In / Spectre – 16 – Honeymoon Period

Kotoko tells Masayuki and Yuki-onna that she knows precisely who the culprit is, and furthermore, that the police aren’t really seriously suspecting him at the moment, which explains why they haven’t been hounding him of late.

The reason? Evidence indicates that the victim Mahiru didn’t have any of her effects taken, and there’s every indication that she and the murderer had time to converse. In that time, she would have surely warned the murderer about the formal accusation she’d written up beforehand.

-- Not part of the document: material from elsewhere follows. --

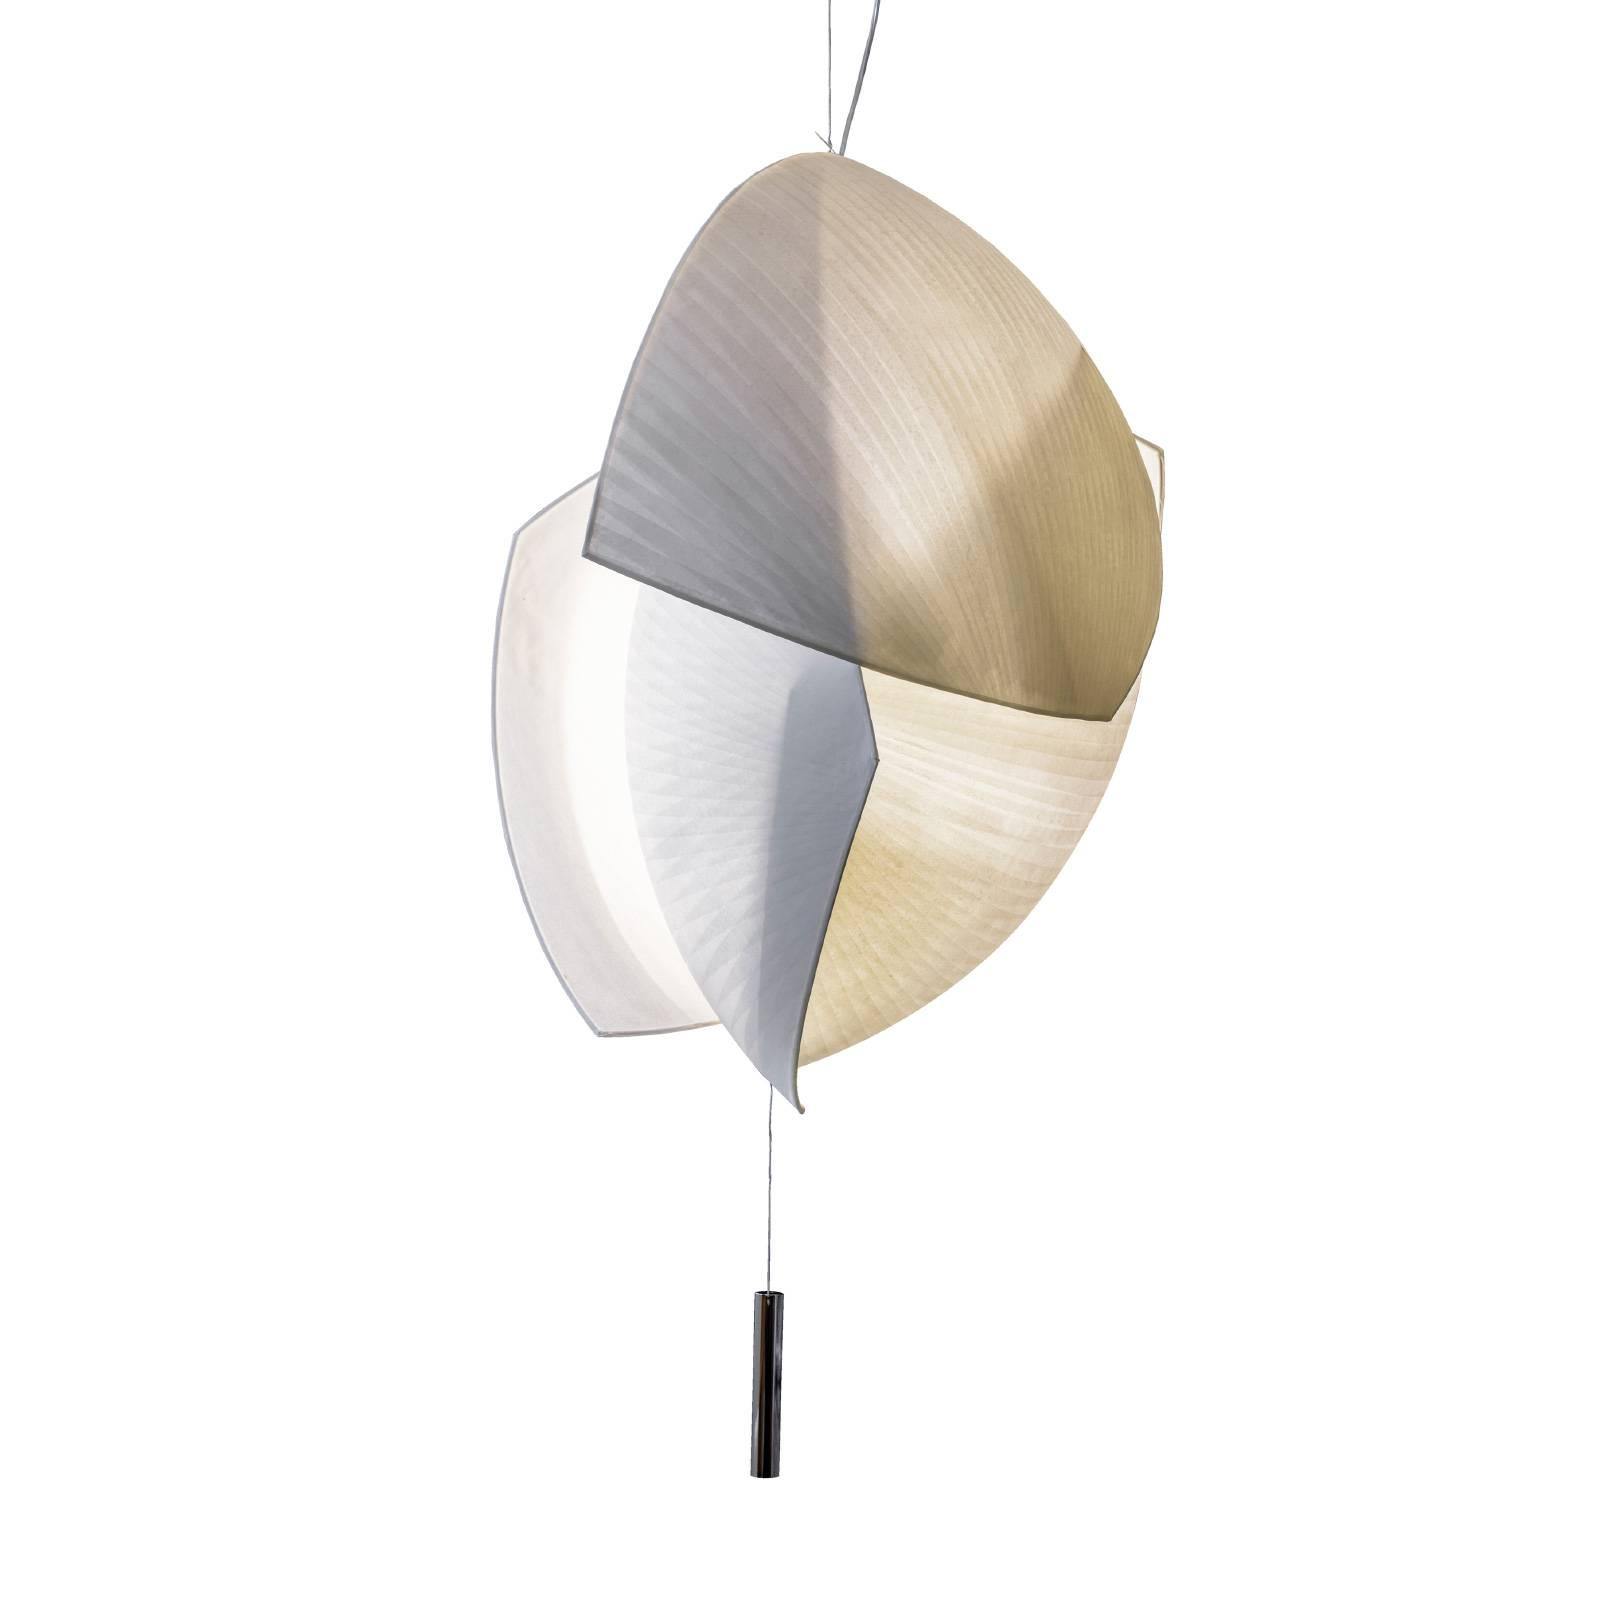 Grok Voiles -LED-riippuvalaisin 95x70 cm, DALI

After all, Mahiru wasn’t trying to be killed, and would do everything she could to avoid that outcome. And if Masayuki killed Mahiru, he would have taken steps to obscure her identity and/or the location of her body. And the cops already all but ruled Masayuki out as a serious suspect after he was wishy-washy about his alibi, and unprepared to defend himself from the facts they’d collected thus far.

As for why it looked like Mahiru was trying to write Masayuki’s name on her hand? That was written by the true murderer after killing her. Before Kotoko says the name of the murder—Iizuka Nagisa—the name already pops up in Masayuki’s name as the only possible culprit.

Iizuka was the only one who sided with him when he was forced out of his company. She loved him, and murdered Mahiru and framed Masayuki so that he’d have no choice but to go to her for support. Sure enough, as Kotoko discuss this, Iizuka calls Masayuki, but he doesn’t answer.

Kotoko reveals that she didn’t deduce this from the mere facts of the case as they stand, but from the eyewitness ghosts who were at the scene of the crime when it occurred. They identified a woman that matched Iizuka’s description. If that’s “cheating”, Masayuki can hardly complain, as the information Kotoko gathered from the ghosts categorically clears his name.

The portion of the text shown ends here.